Maybe some of them were fathers, maybe others were working even under the constant surveillance of the Israeli “Super MK” planes in order to save some money to get married. Maybe others were orphans working in order to help their siblings. Maybe and maybe.
They were maybe called: Muhammad, Ahmad, Issa, Ali, Hani Fadi, Khaled, Hassan, Tarek … maybe and maybe.
Some of them were born with dark skin, others were lighter skinned turned darker by the Mediterranean sun under which they work everyday to earn money, a little bit of money for their children, or their siblings, or for a family they dream about.

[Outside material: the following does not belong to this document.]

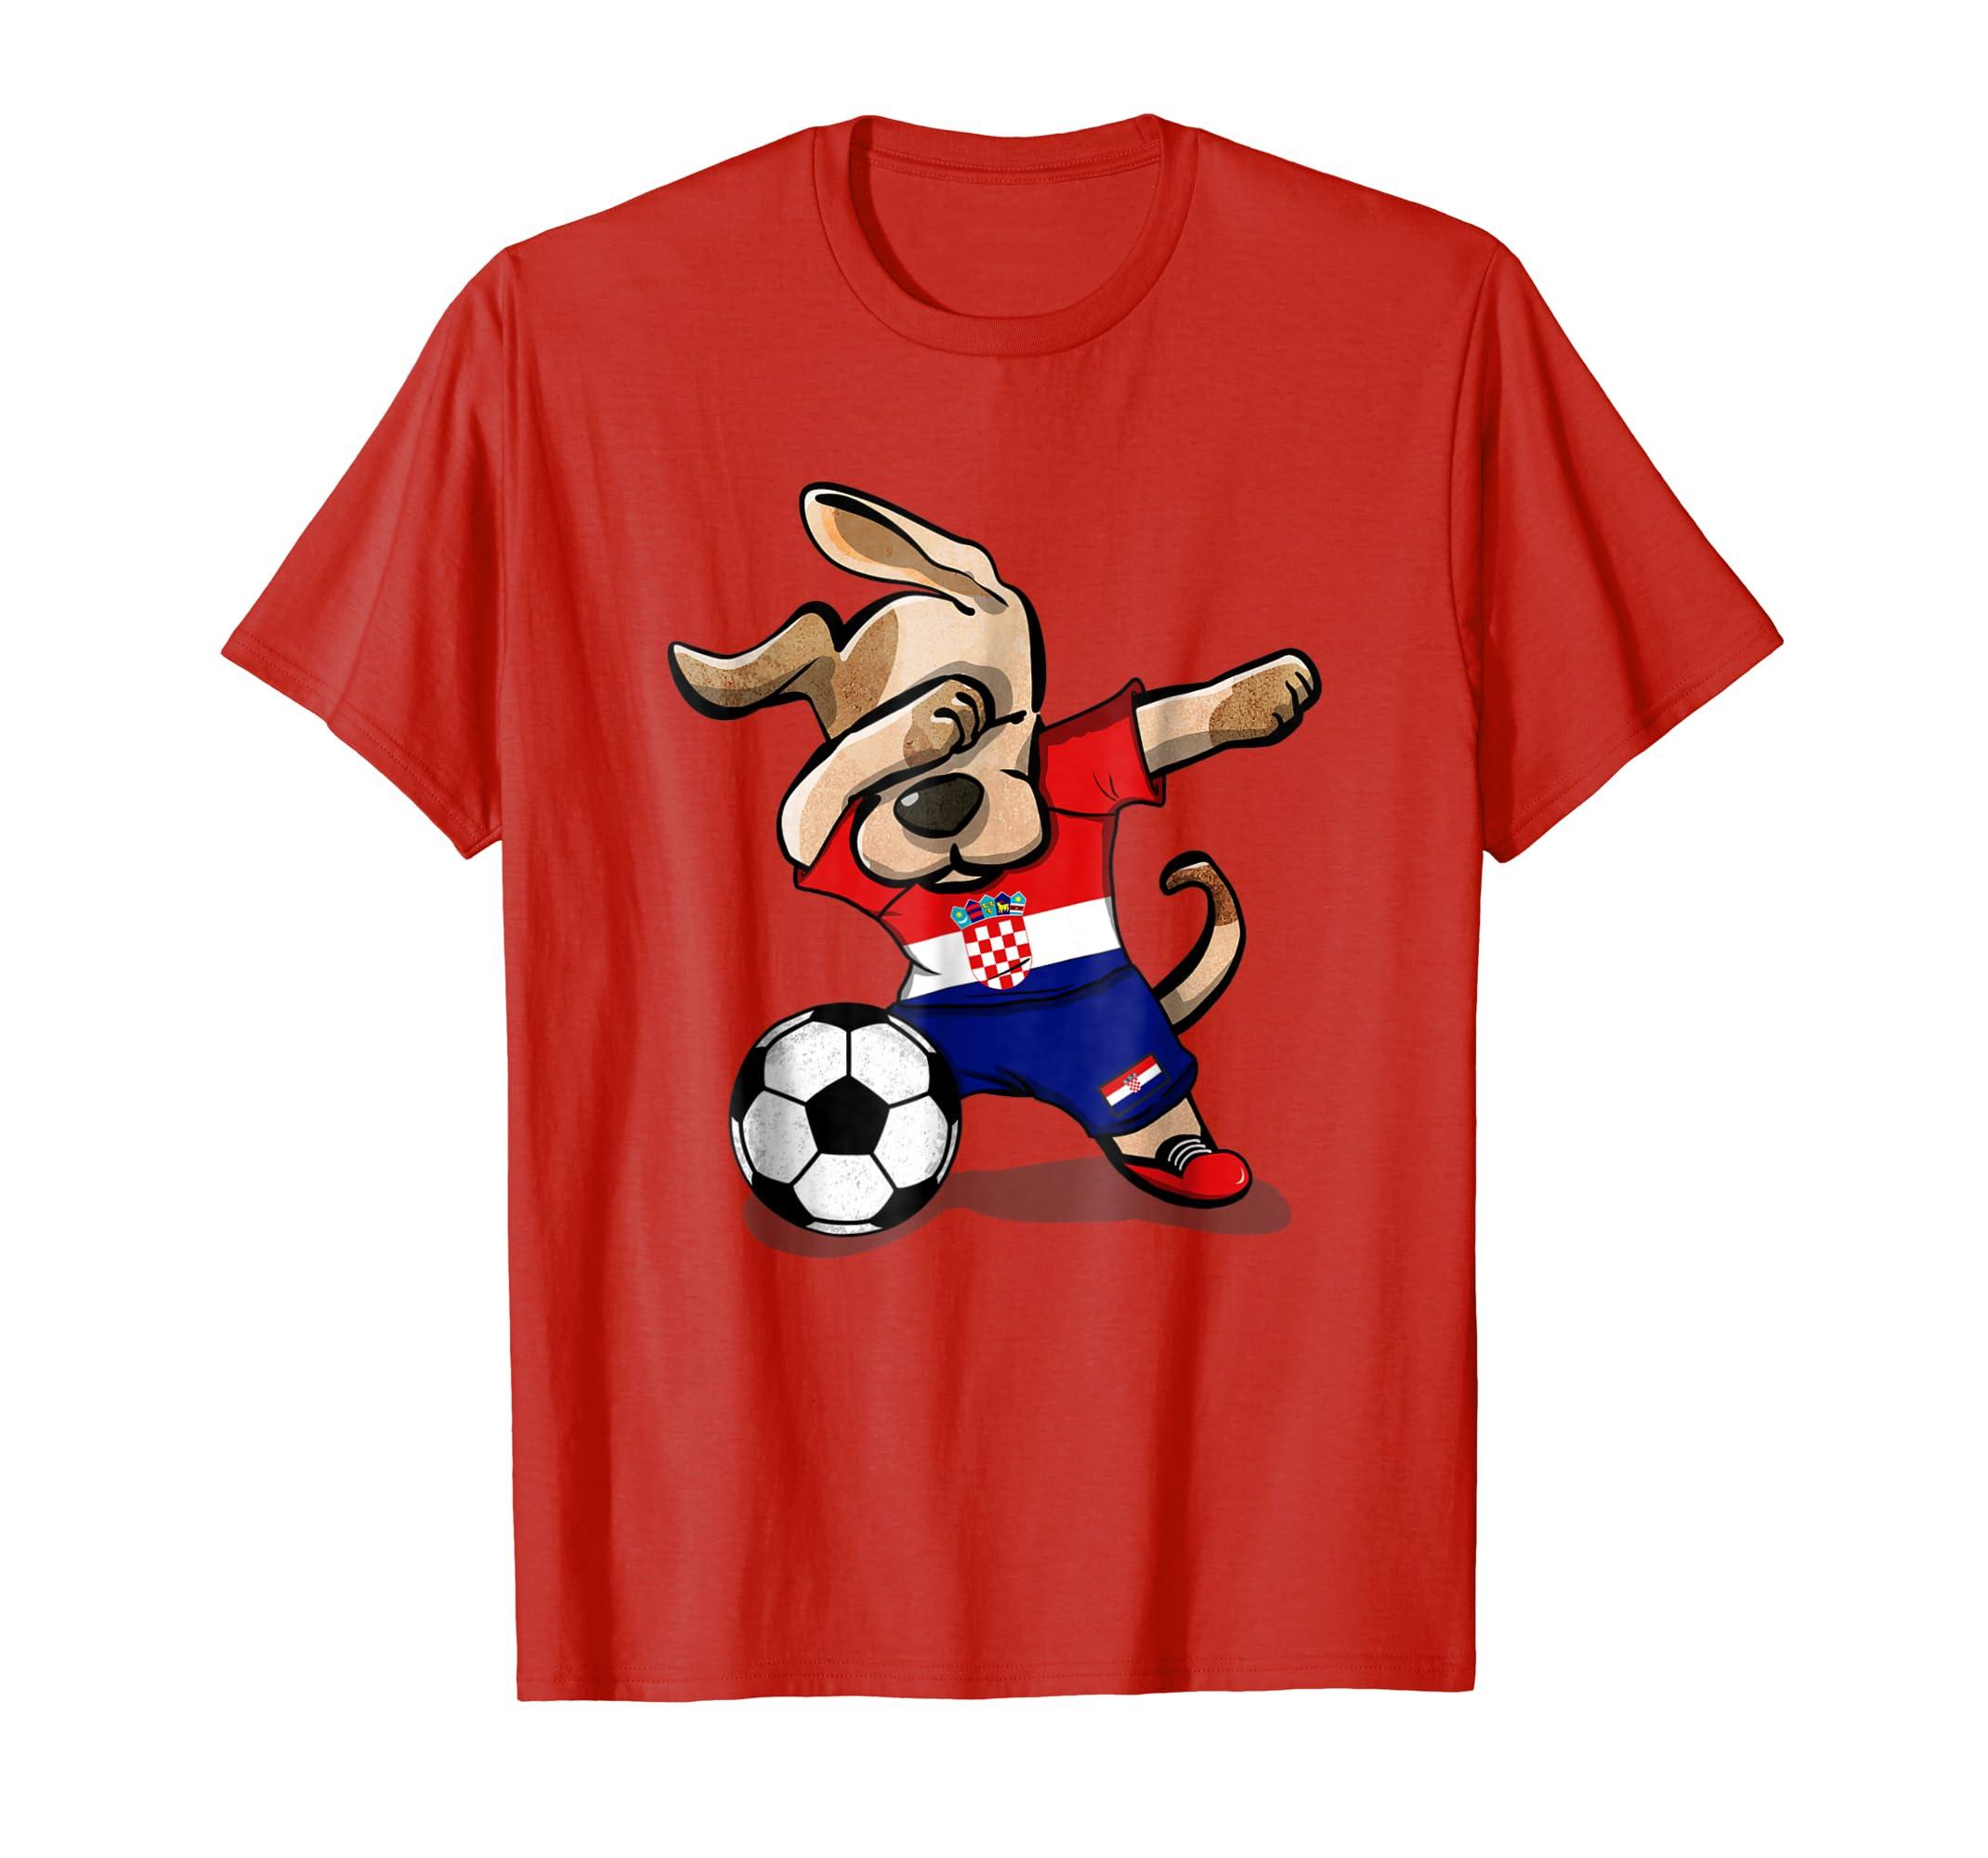 2a4278ff580 Amazon.com: Dog Dabbing Soccer Croatia Jersey Shirt Croatian Football:  Clothing

I am saying “maybe” because the thirty-three workers who were massacred in cold blood by Israel, to add to the list of the massacres of Srifa, Qana, Marwaheen yet another massacre in the village of Qaa. No eulogies were made to them, no stories, no media coverage to tell us who they were, why were they working in Lebanon, what is it they were dreaming of, or what it was they were talking about at lunch when they were hit.
I am saying “maybe” because no songs were made for them, no love poems were written to them, their families were not visited and …
They were the silent workers who left silently a silent world that seems to feel the way the media tells it how to feel. If the murdered were women and children, we weep and cry, if they were men, they can die it’s not a big deal. Their faces might not be photogenic; the West would not feel if it sees their murdered bodies. After all, they were workers, poor Kurdish workers, from the same ethnicity for whose rights the US media and administration have launched a whole war in Iraq. After all, they were workers — male workers, not the helpless, hopeless women whom the West is coming to empower and liberate.
They were men, thirty-three of them. They were massacred at lunch break, footage of their bodies lying on the earth. They fed from their sweat when alive, and their blood when they were murdered.
They were thirty-three, they were massacred at lunch break and not until late afternoon that we started to get footage just of bodies lying, some covered with blankets and others not.
They were thirty-three, they were massacred and we will never hear or know their stories, their names, their dreams, their fears, their political views, not even what they thought of picking plums and peaches under the sun of the Bekaa.
They were thirty three, they were massacred and the world was watching but has not even been asked to condemn a massacre for workers!
Maybe because they were men as opposed to women and children.
Maybe because they were working as opposed to hiding in a shelter.
Maybe because they were working in a remote area in Lebanon.
Maybe because of their ethnicity - Kurdish - in a new Middle East aiming at preserving the rights of minorities.
Maybe because they were only thirty-three! And any number less than fifty is not considered a massacre anymore.
Maybe they are massacre number four and we are now normalized to the scenes of bodies laid in rows, a normal scene, a daily scene in this bloody war of democracy.
They were dead, they were thirty-three, they were massacred in broad daylight for anyone to see - is there anyone who sees?
For the thirty three workers whose name we do not know, whose stories we can’t tell, this mediocre testimony.